> [Work item]:
Return the data below exactly, minus the pictures.

> [Dataset extract]:

══════

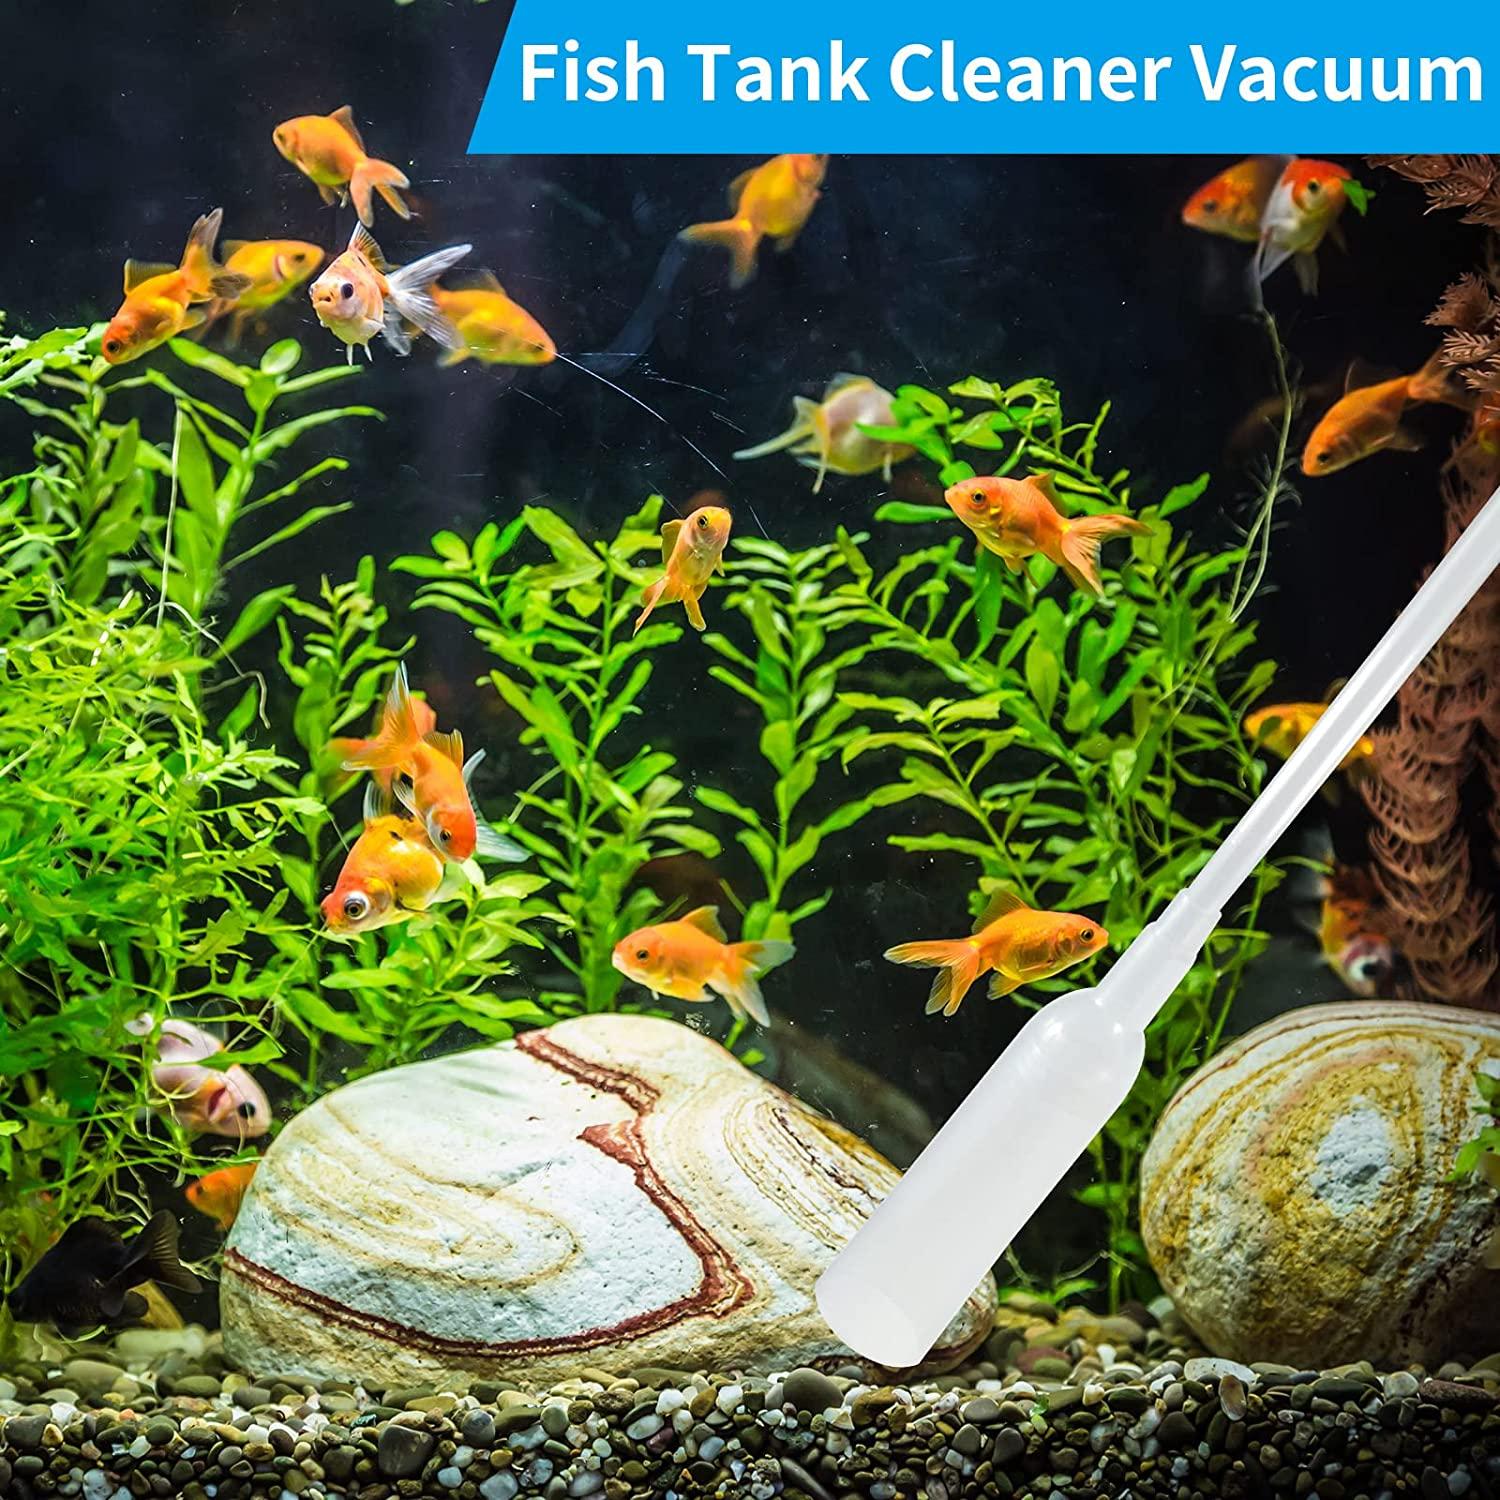 Fish Tank Cleaning Tools, Aquarium Cleaning Kit, Betta Fish Tank Accessories, Aquarium Gravel Algae 5 in 1 Kit for Water Change and Sand Cleaner, Long Siphon Nozzle with Valve
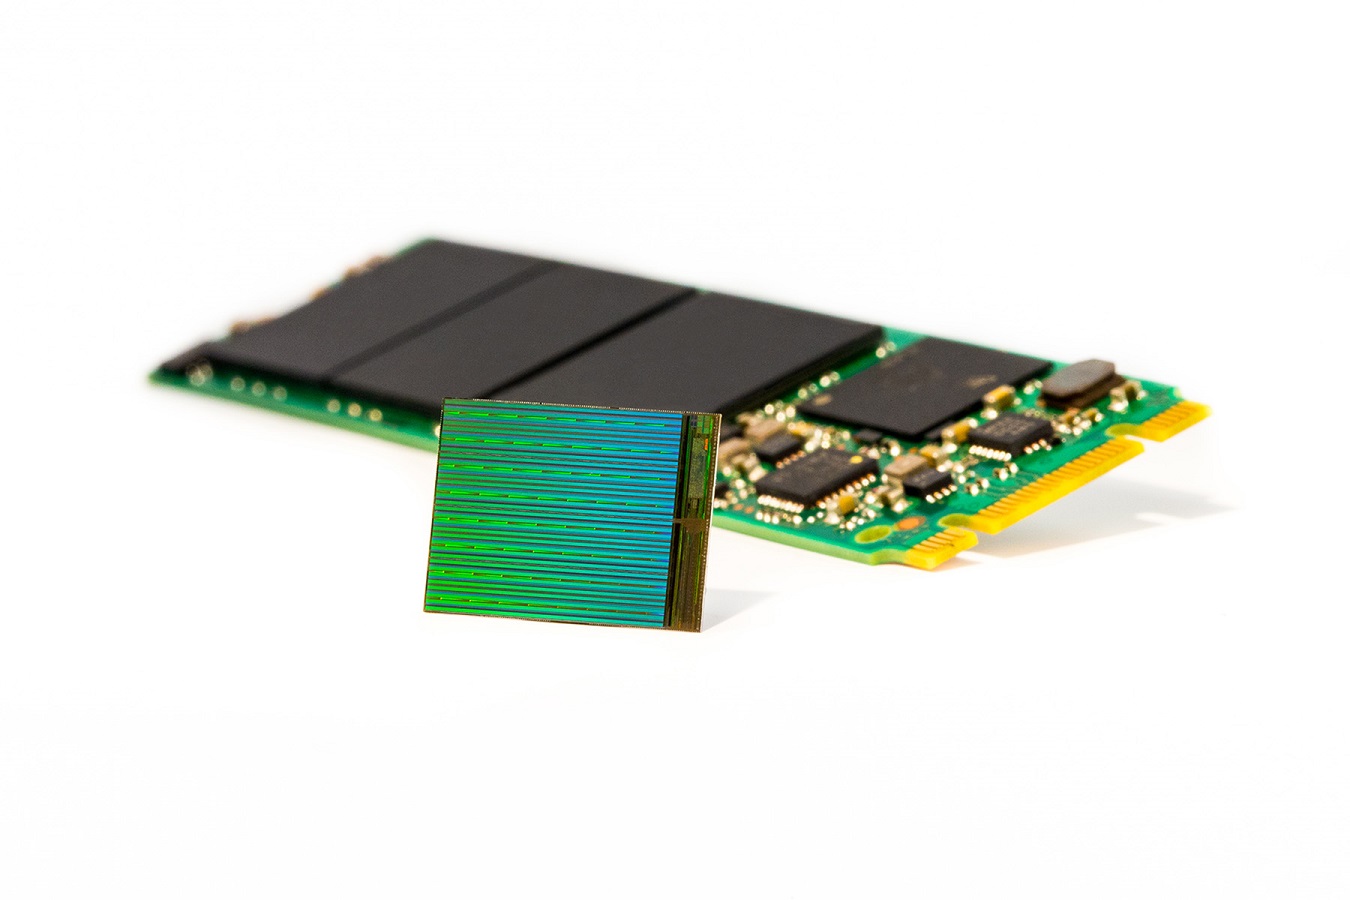 NAND Flash Prices Continue to Rise as Demand Outpaces Supply
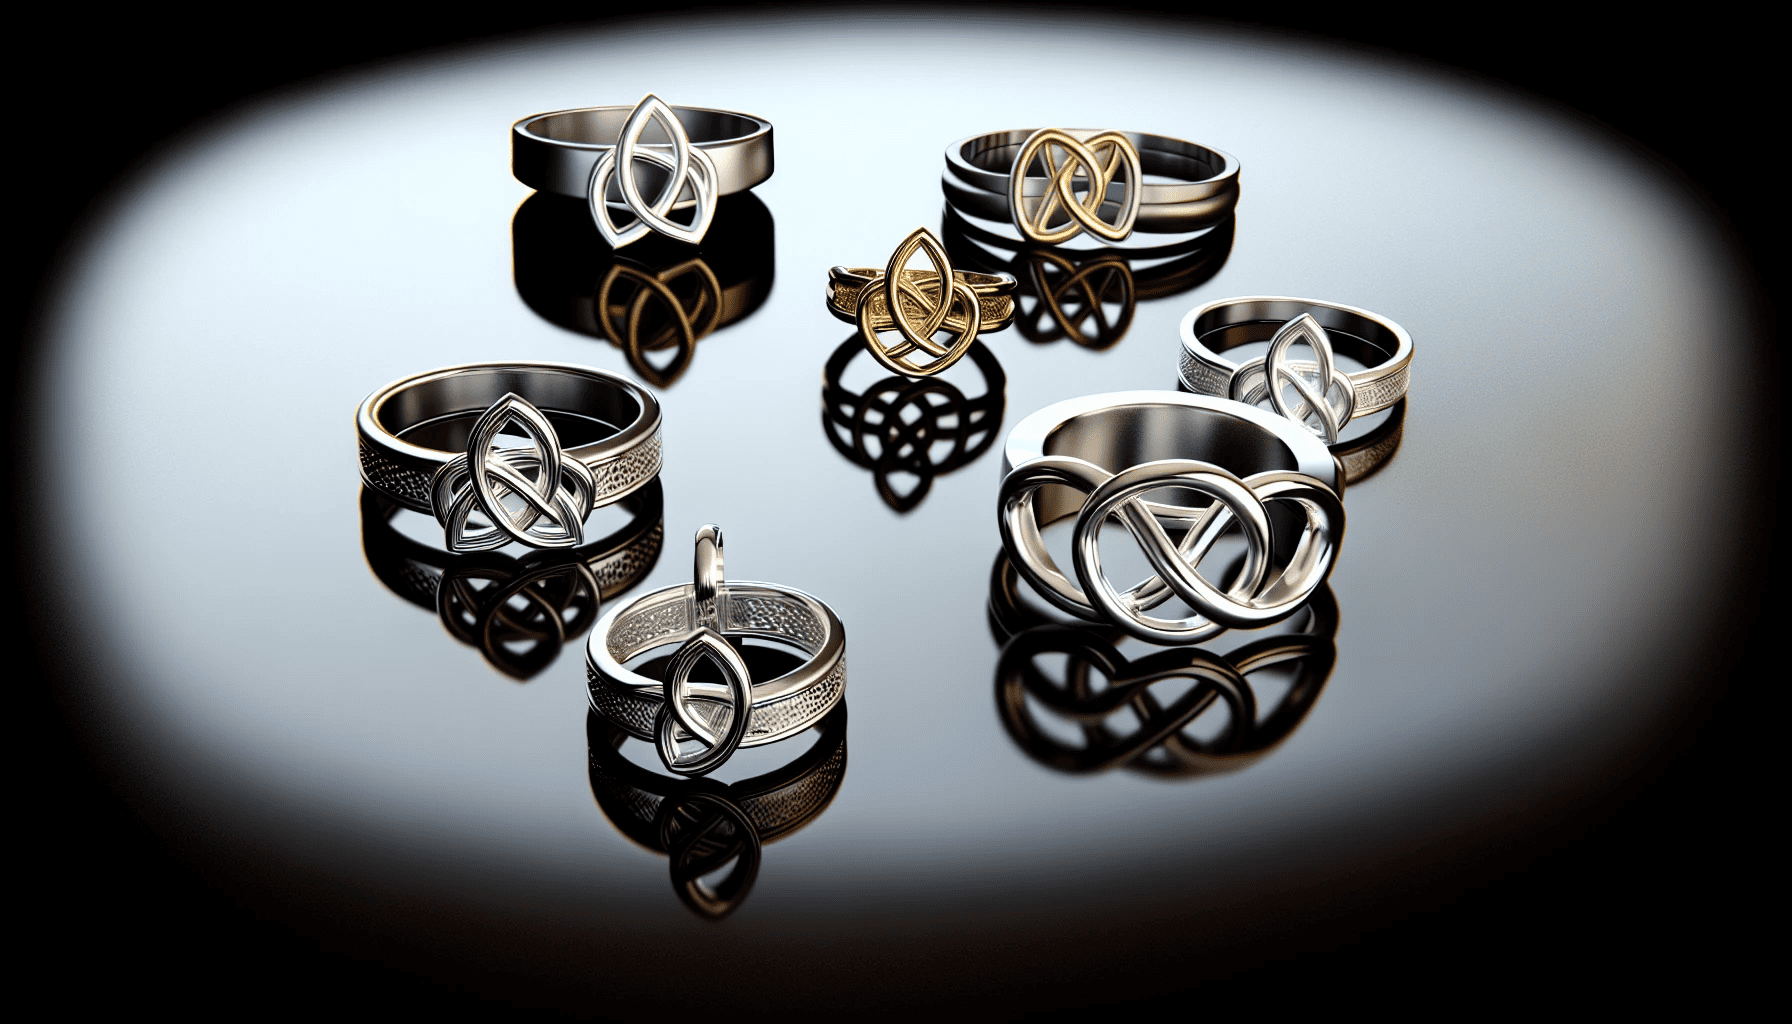 Modern trinity knot jewelry and its cultural relevance
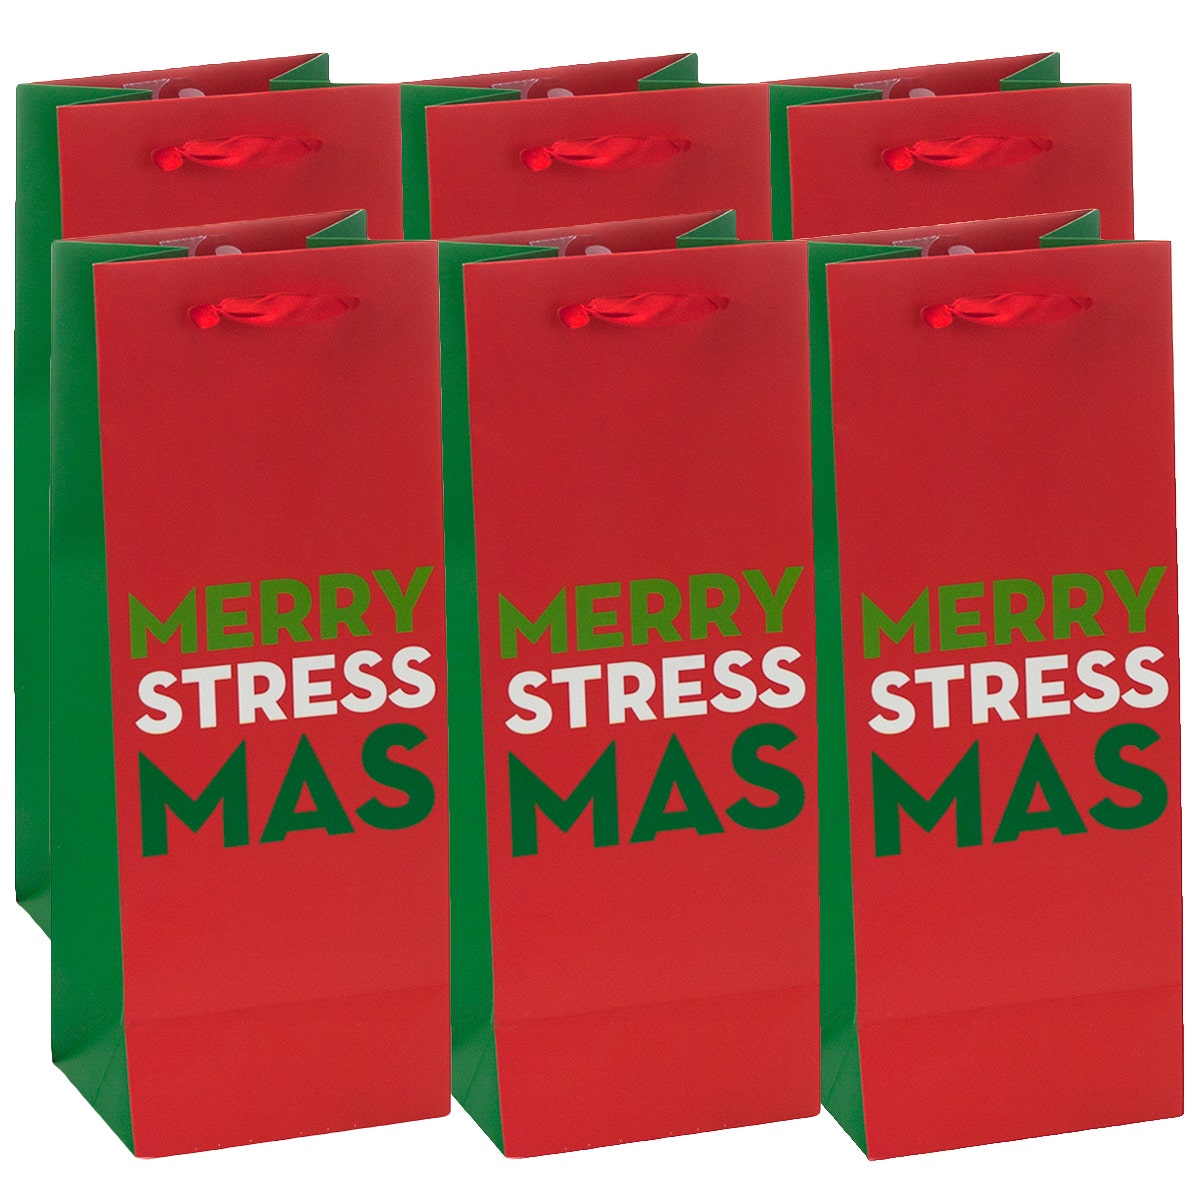 6 Wine Gift Bags: “Merry Christmas Y’all” Or “Merry Stressmas”

══════

> [Expected answer]:
 Fish Tank Cleaning Tools, Aquarium Cleaning Kit, Betta Fish Tank Accessories, Aquarium Gravel Algae 5 in 1 Kit for Water Change and Sand Cleaner, Long Siphon Nozzle with Valve
 NAND Flash Prices Continue to Rise as Demand Outpaces Supply
 Modern trinity knot jewelry and its cultural relevance
 6 Wine Gift Bags: “Merry Christmas Y’all” Or “Merry Stressmas”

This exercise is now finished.